Bayesian optimization (BO) has become a popular strategy for global optimization of expensive real-world functions. Contrary to a common expectation that BO is suited to optimizing black-box functions, it actually requires domain knowledge about those functions to deploy BO successfully. Such domain knowledge often manifests in Gaussian process (GP) priors that specify initial beliefs on functions. However, even with expert knowledge, it is non-trivial to quantitatively define a prior. This is especially true for hyperparameter tuning problems on complex machine learning models, where landscapes of tuning objectives are often difficult to comprehend.

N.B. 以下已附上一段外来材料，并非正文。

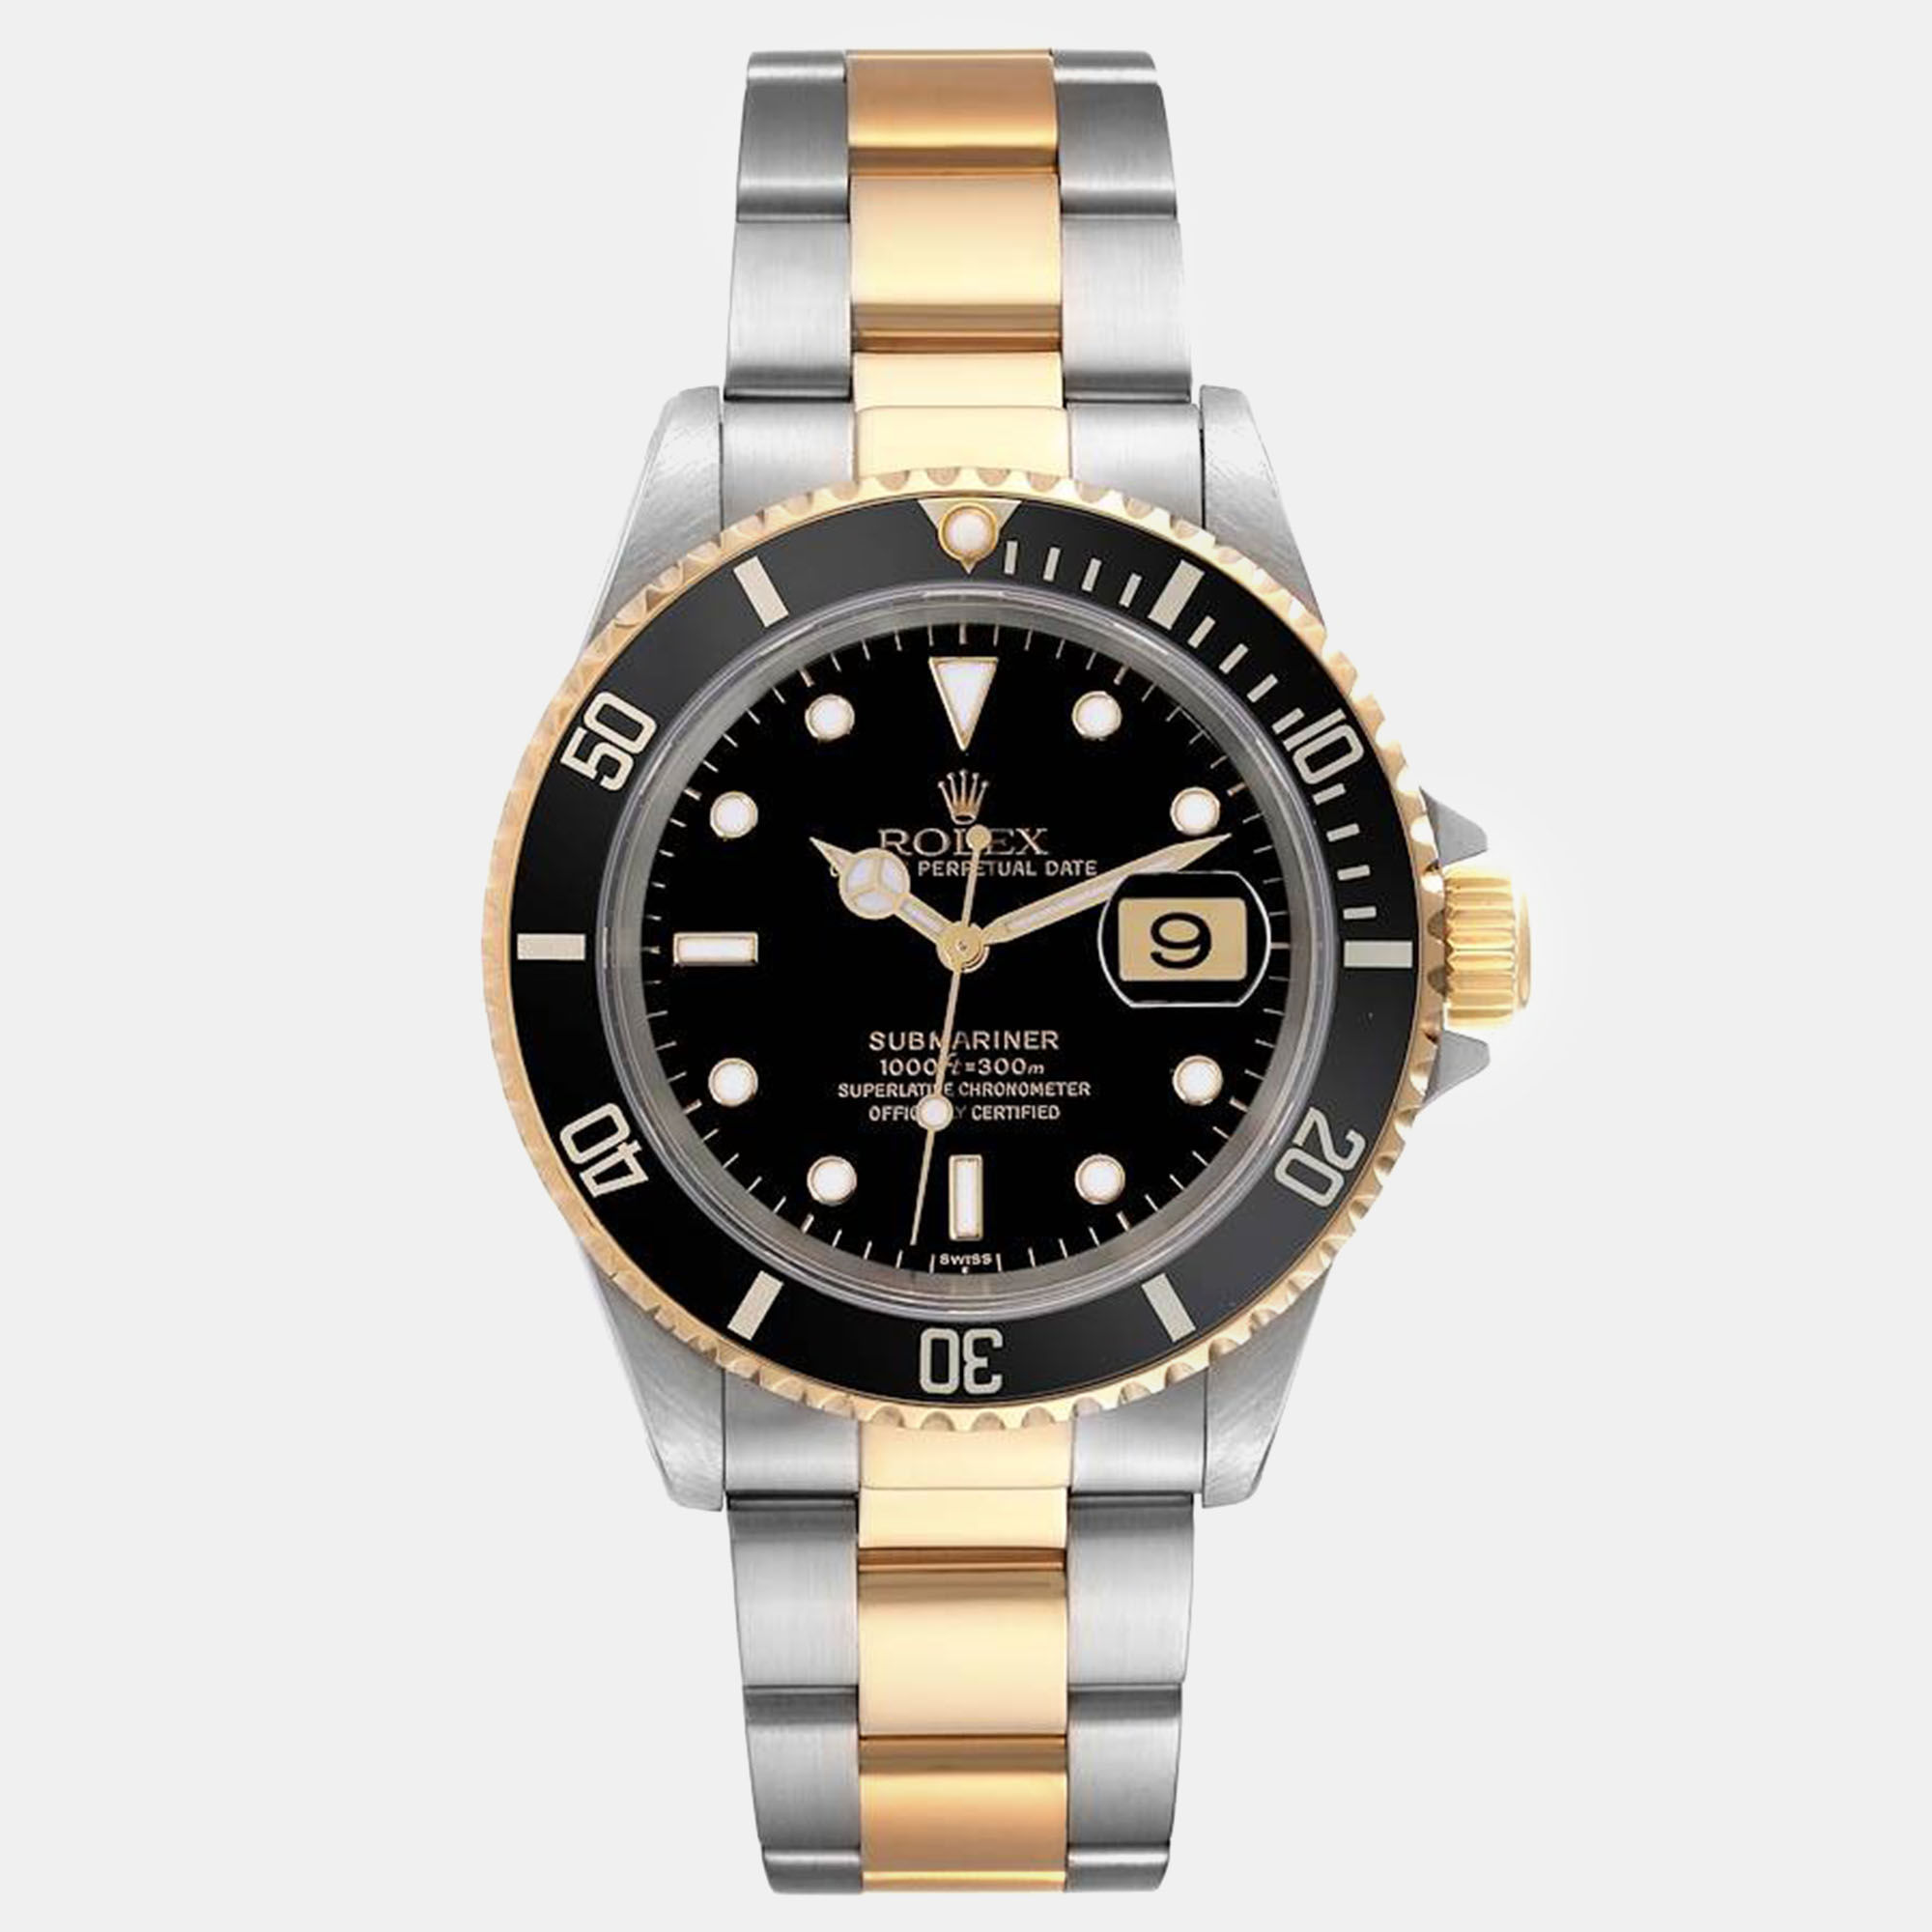 Rolex submariner steel yellow gold black dial men's watch 16613 40 mm

We seek an alternative practice for setting these functional priors. In particular, we consider the scenario where we have data from similar functions that allow us to pre-train a tighter distribution a priori. In this work, we detail what pre-training entails for GPs using a KL divergence based loss function, and propose a new pre-training based BO framework named HyperBO. Theoretically, we show bounded posterior predictions and near-zero regrets for HyperBO without assuming the "ground truth" GP prior is known. To verify our approach in realistic model training setups, we collect a large multi-task hyperparameter tuning dataset by training tens of thousands of configurations of near-state-of-the-art deep learning models on popular image and text datasets, as well as a protein sequence dataset. Our results show that on average, HyperBO is able to locate good hyperparameters at least 3 times more efficiently than the best competing methods on both our new tuning dataset and classic multi-task BO benchmarks.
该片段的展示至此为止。